• [Your assignment]: Type out the data exactly as given. Skip any image.

• [Information shown]:
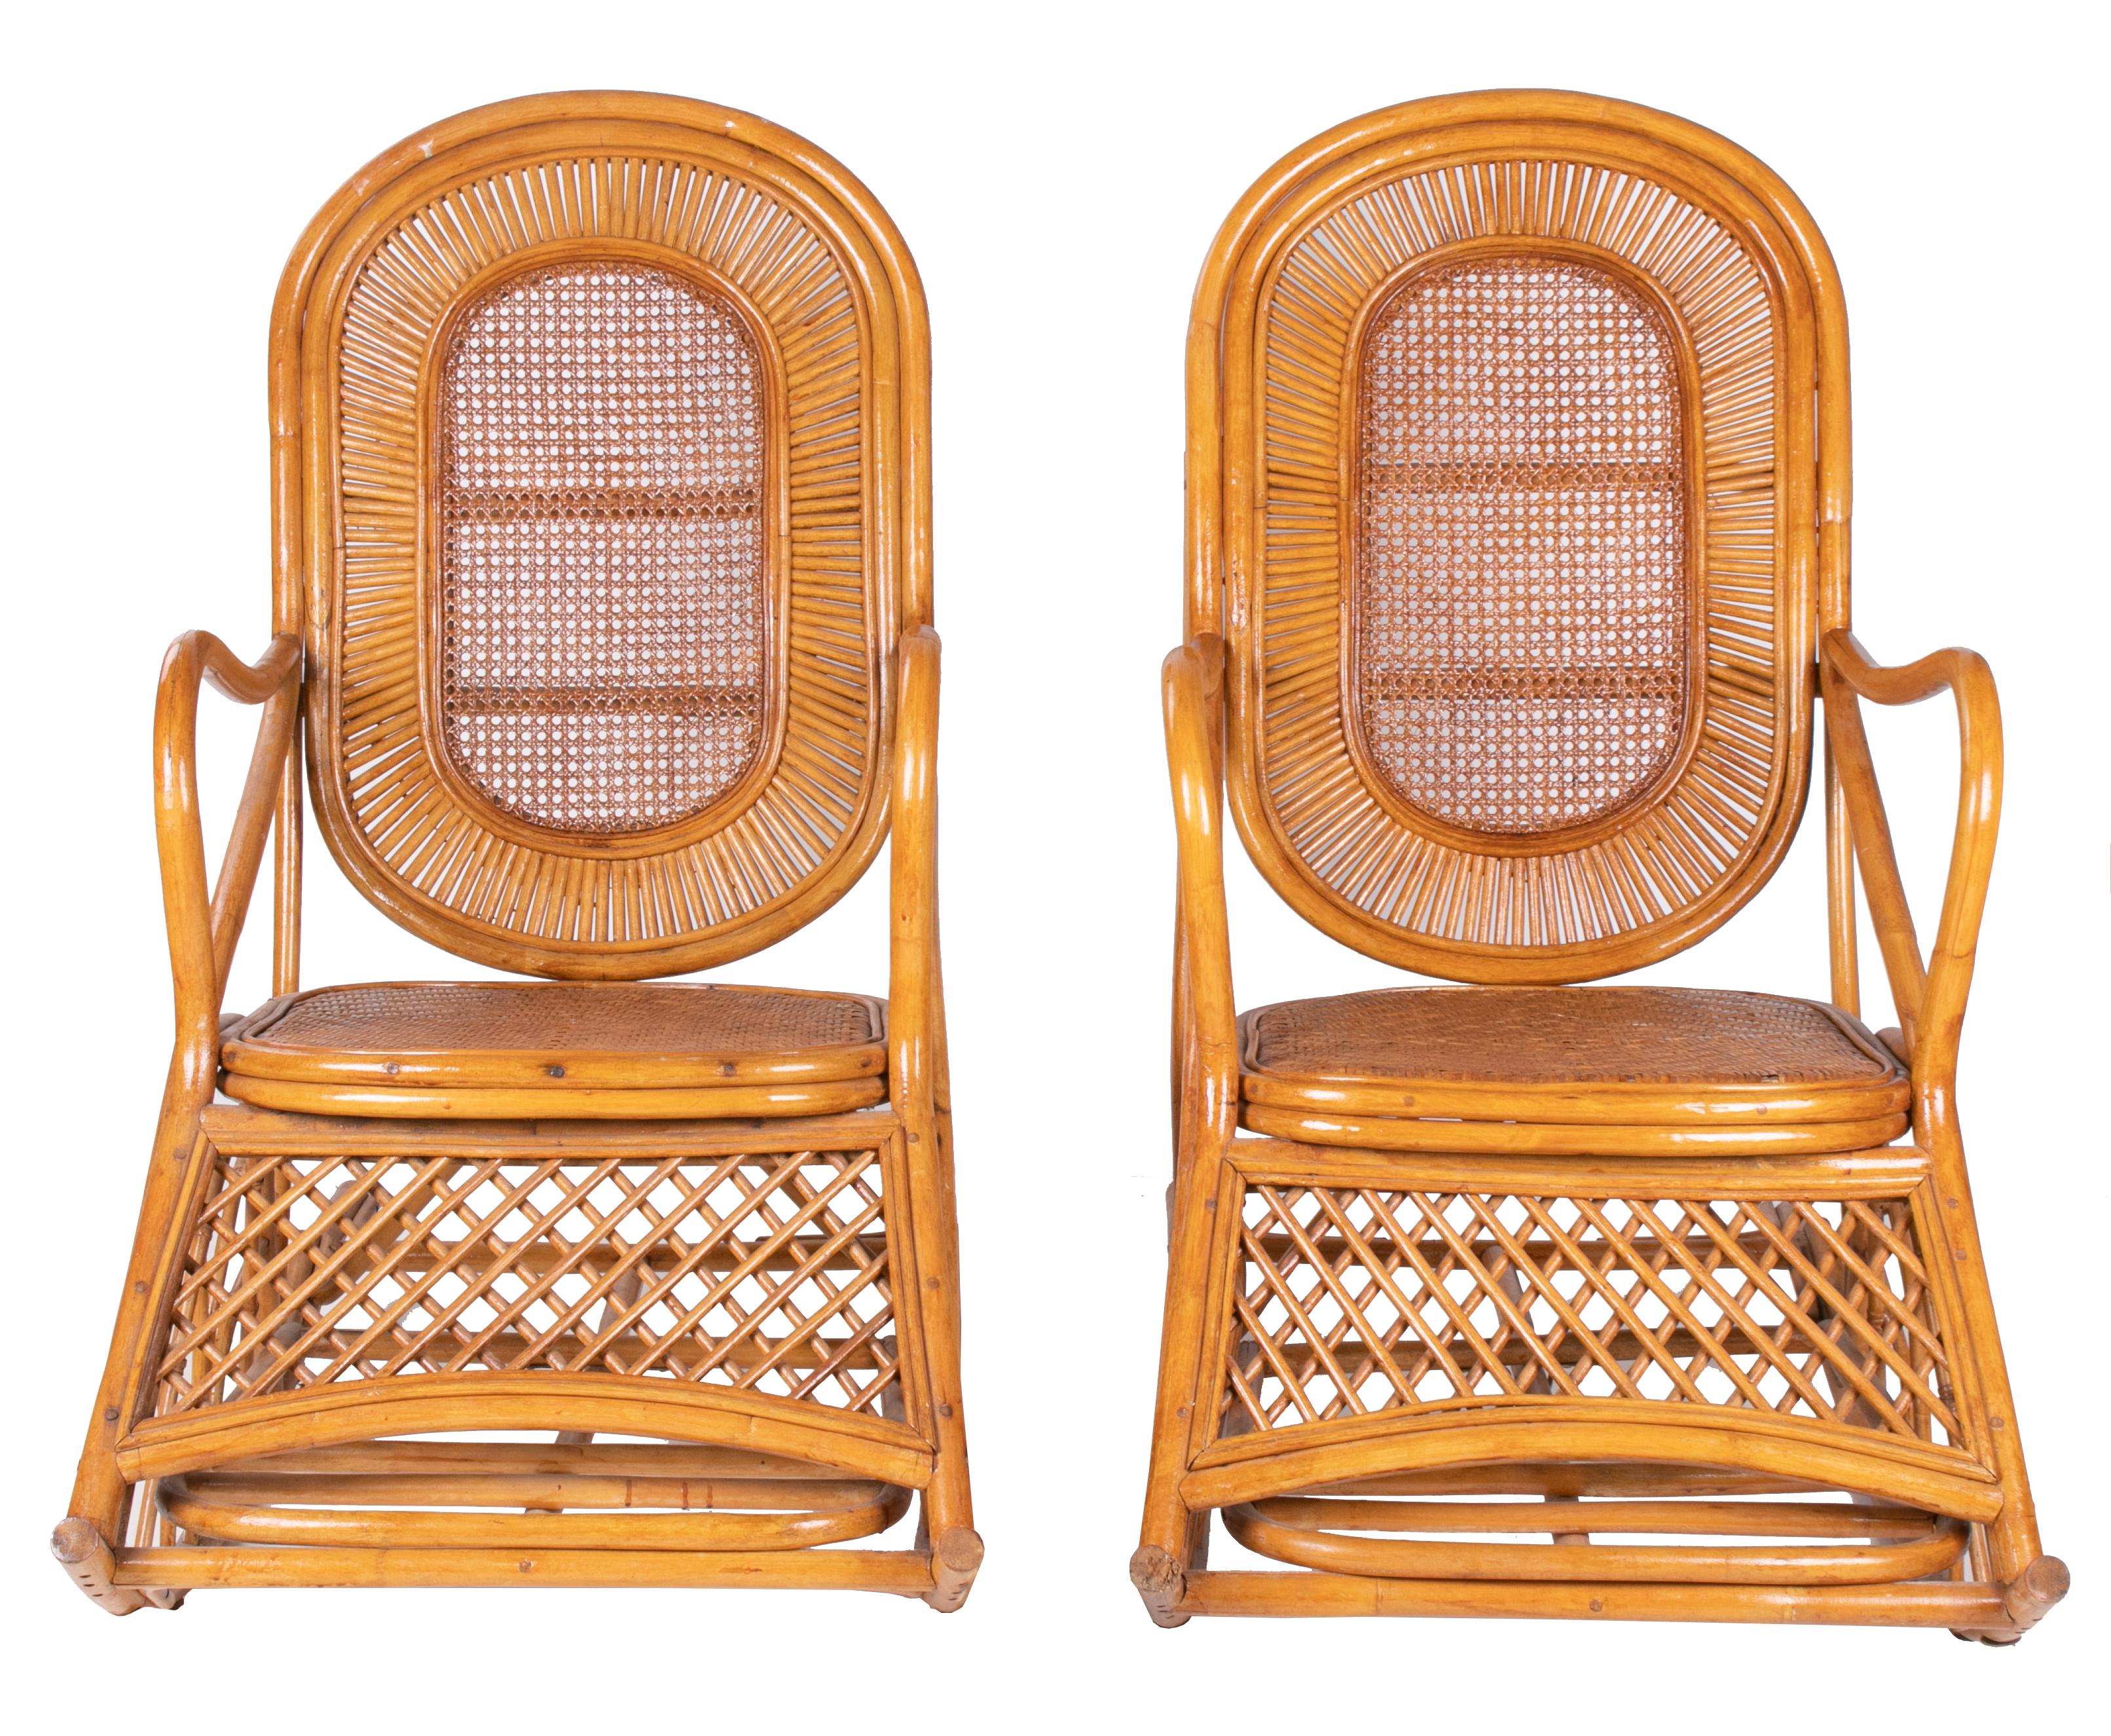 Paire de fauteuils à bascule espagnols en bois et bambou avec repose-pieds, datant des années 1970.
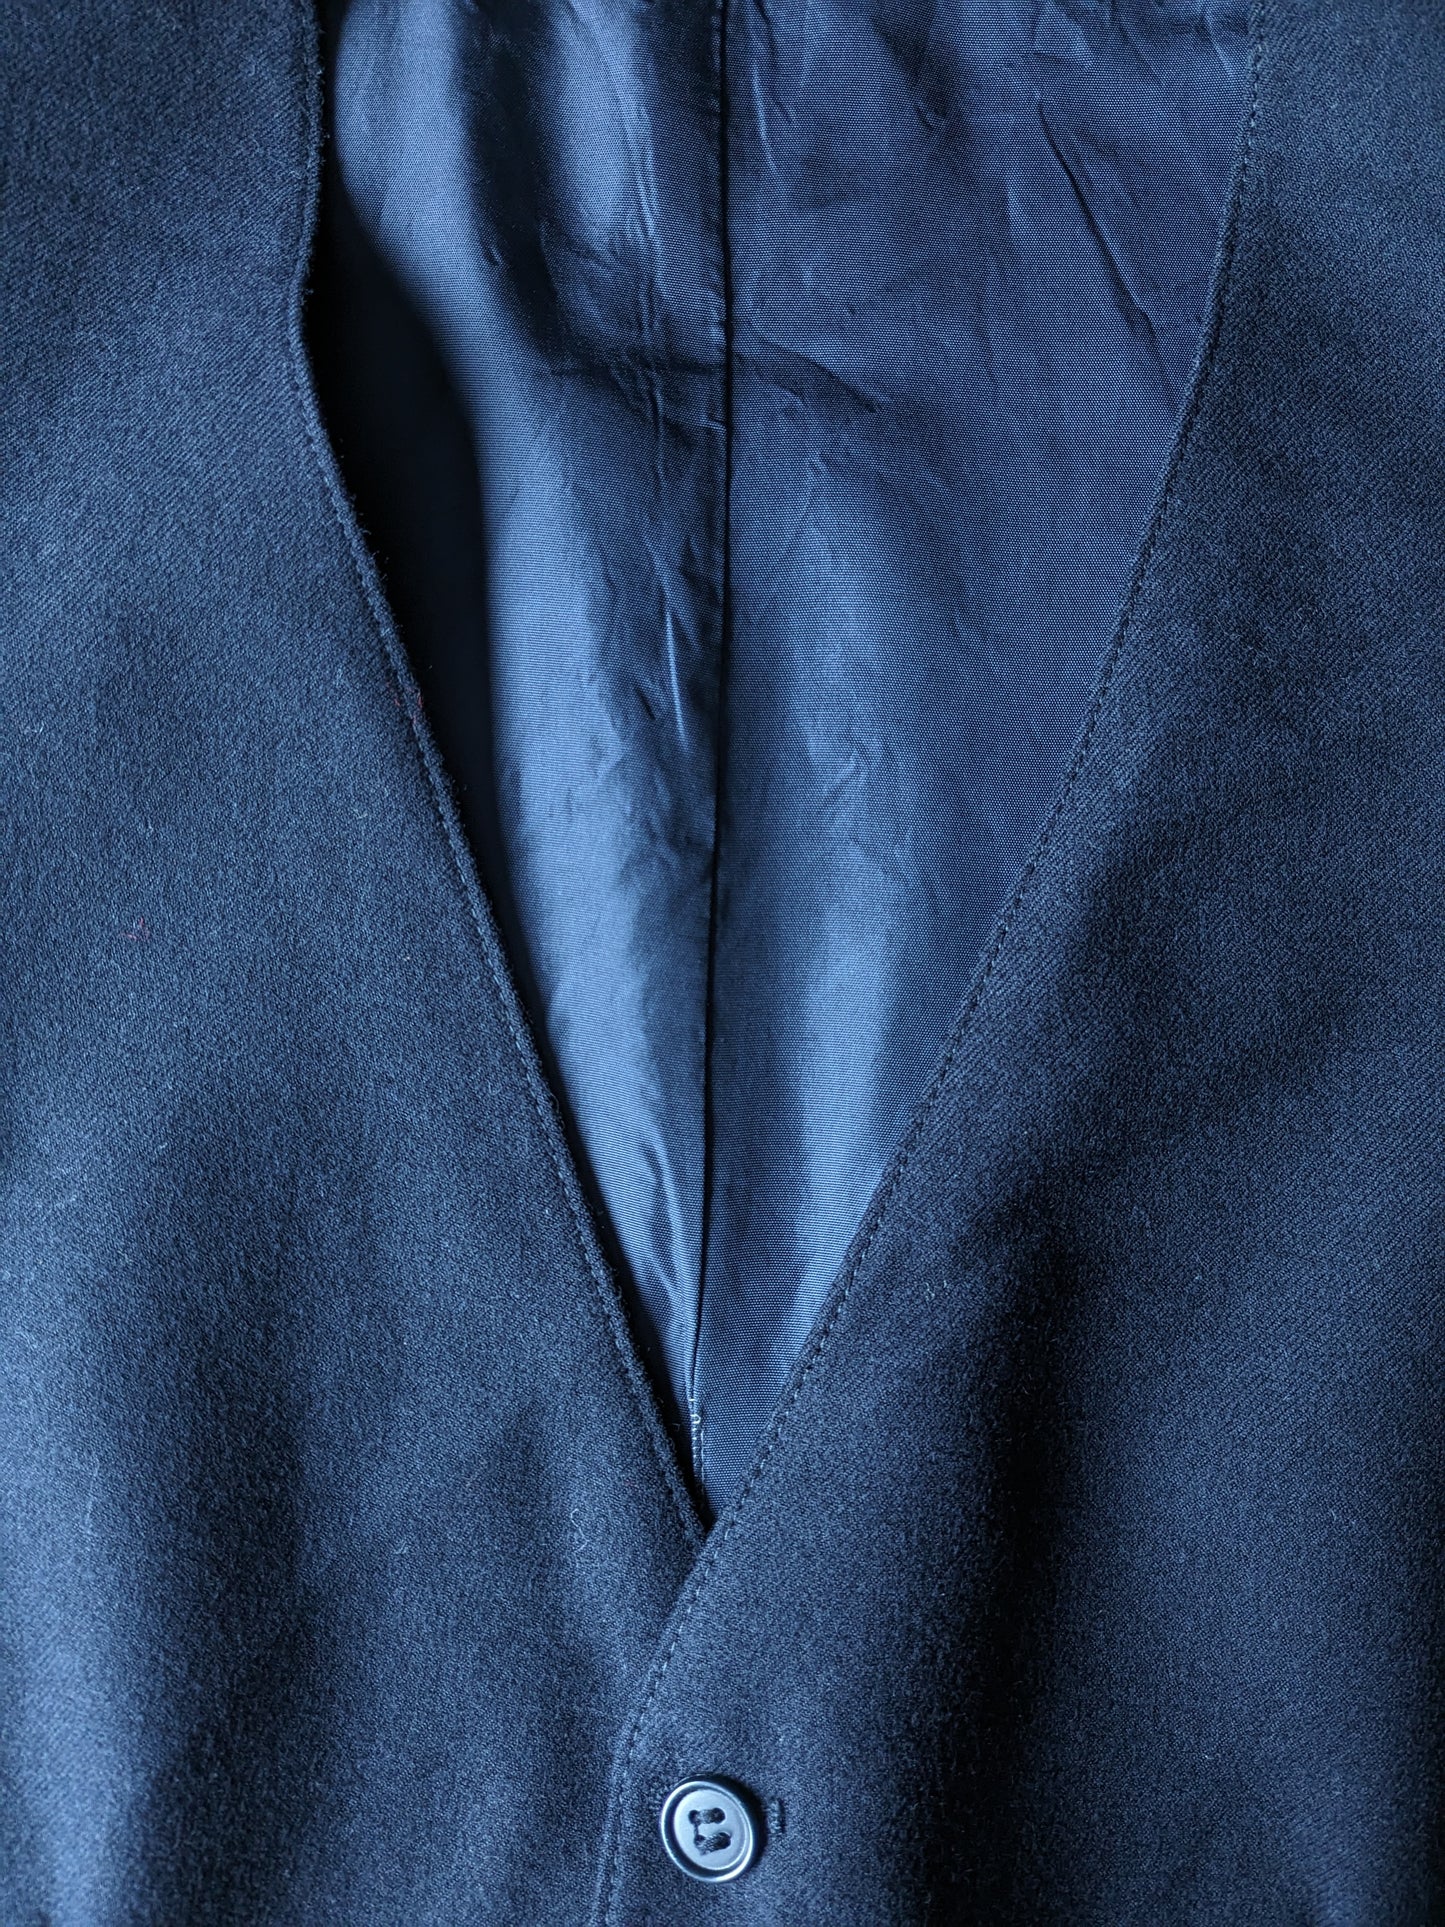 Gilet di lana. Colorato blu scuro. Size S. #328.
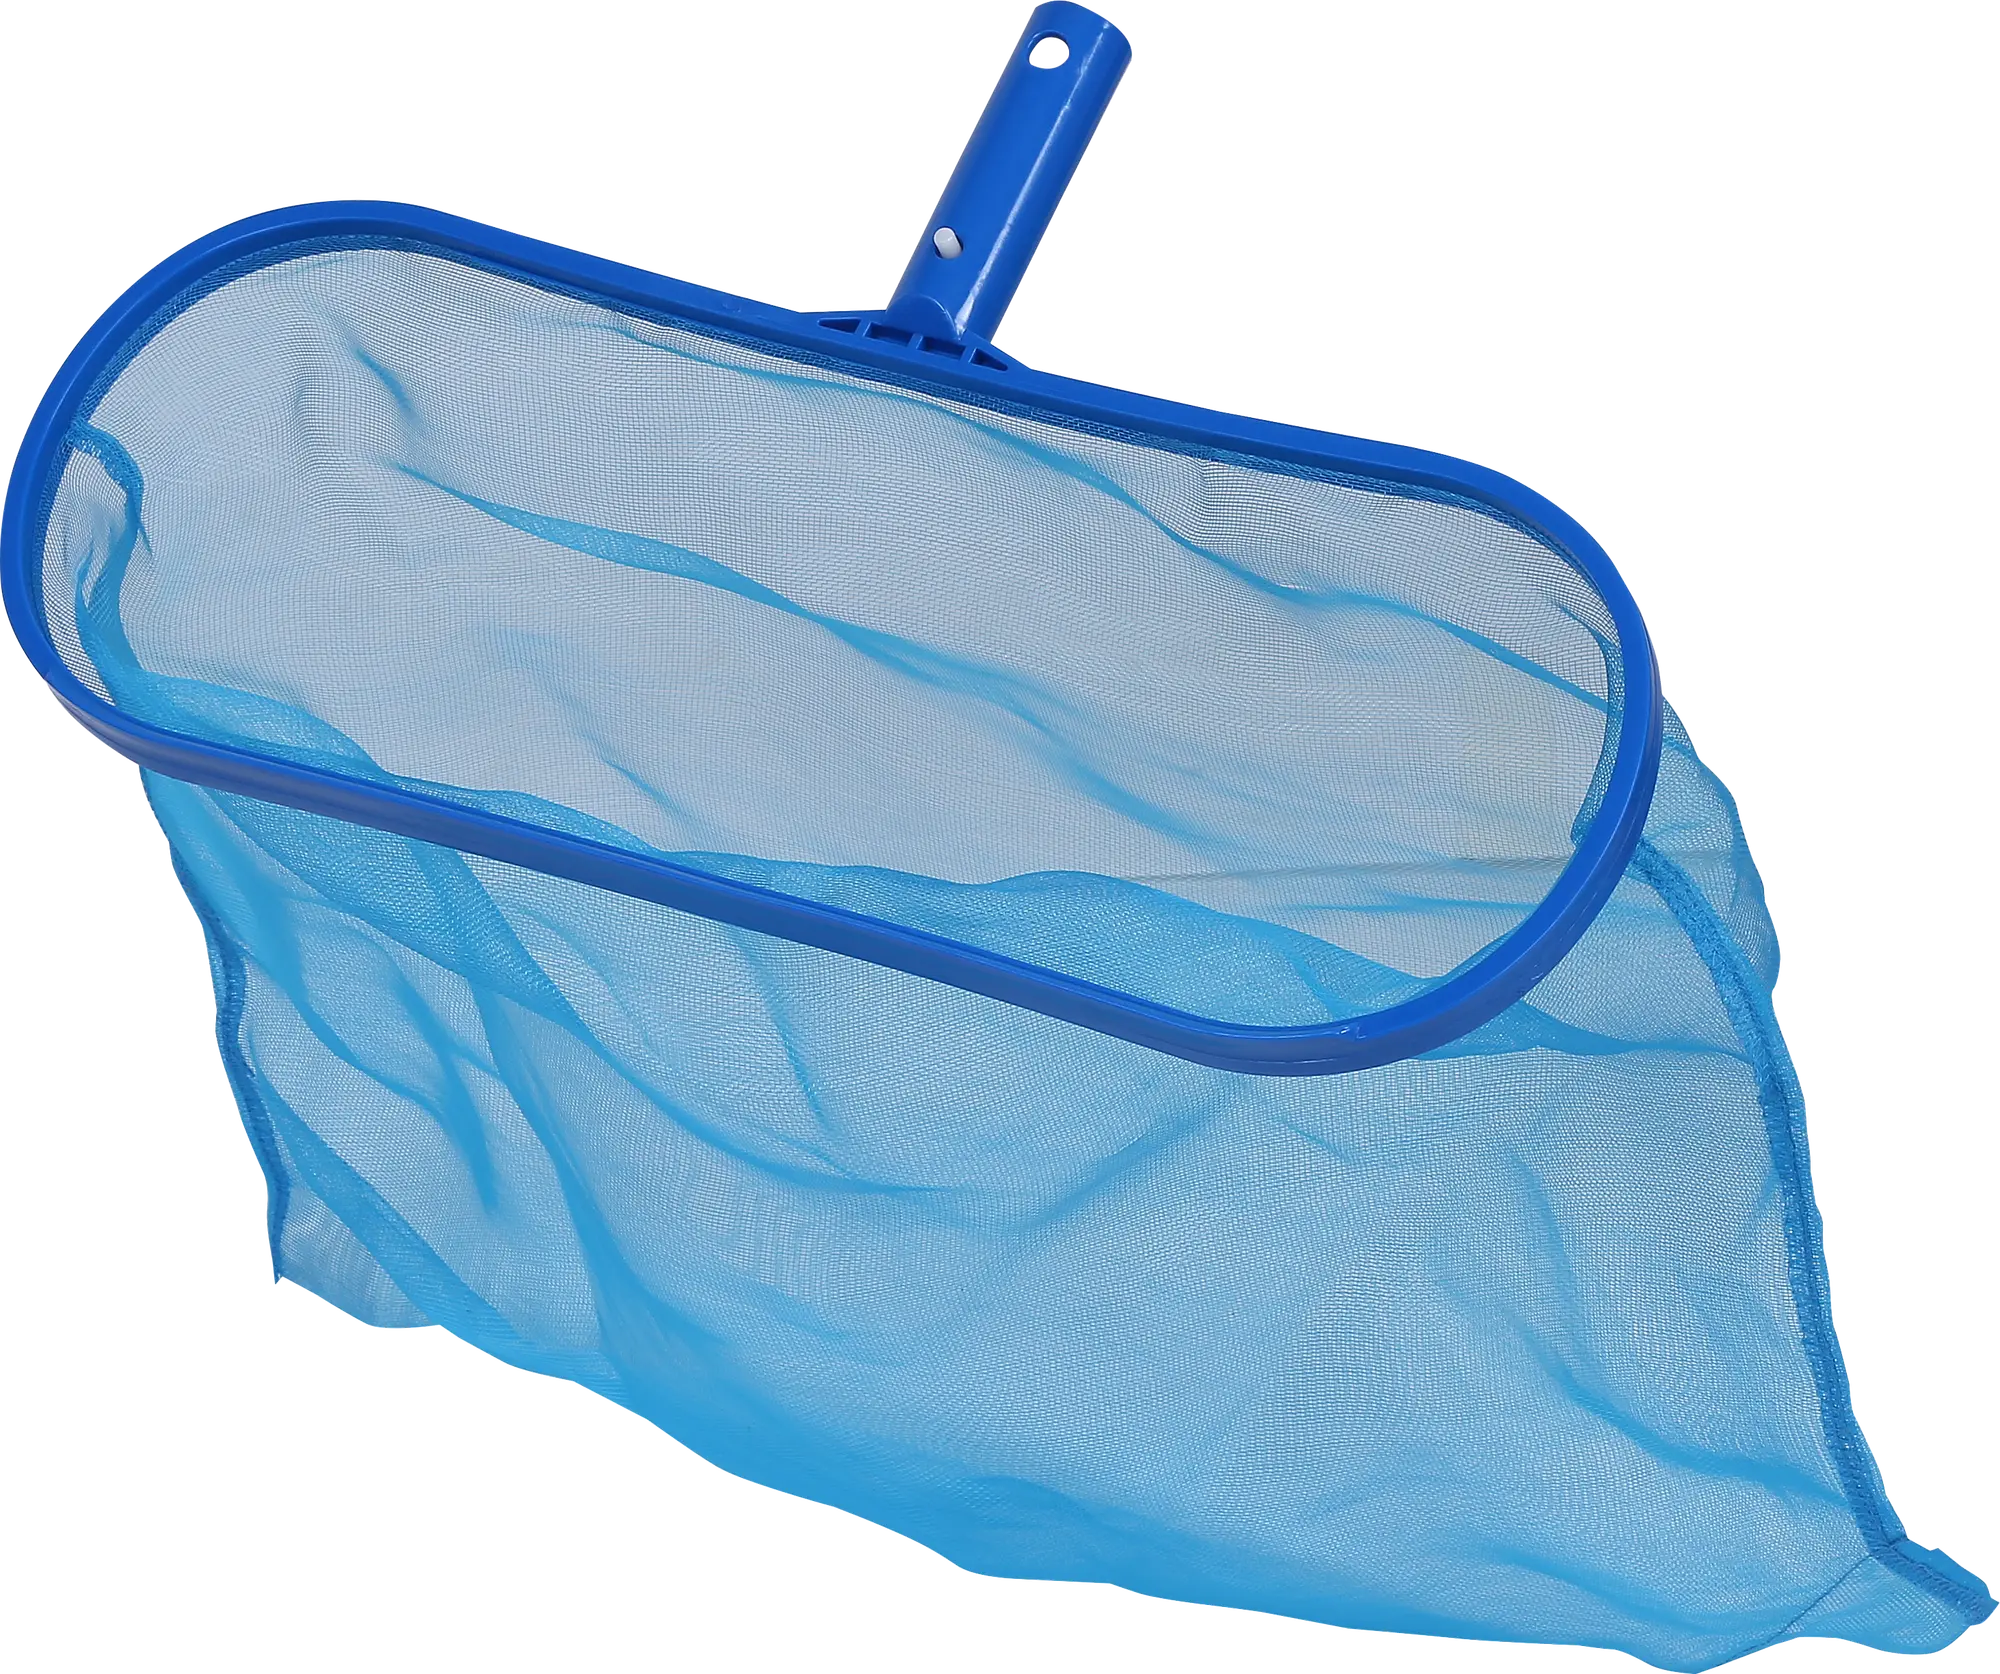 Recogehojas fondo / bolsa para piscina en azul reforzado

• [Answer area]:
 Paire de fauteuils à bascule espagnols en bois et bambou avec repose-pieds, datant des années 1970.
 Gilet di lana. Colorato blu scuro. Size S. #328.
 Recogehojas fondo / bolsa para piscina en azul reforzado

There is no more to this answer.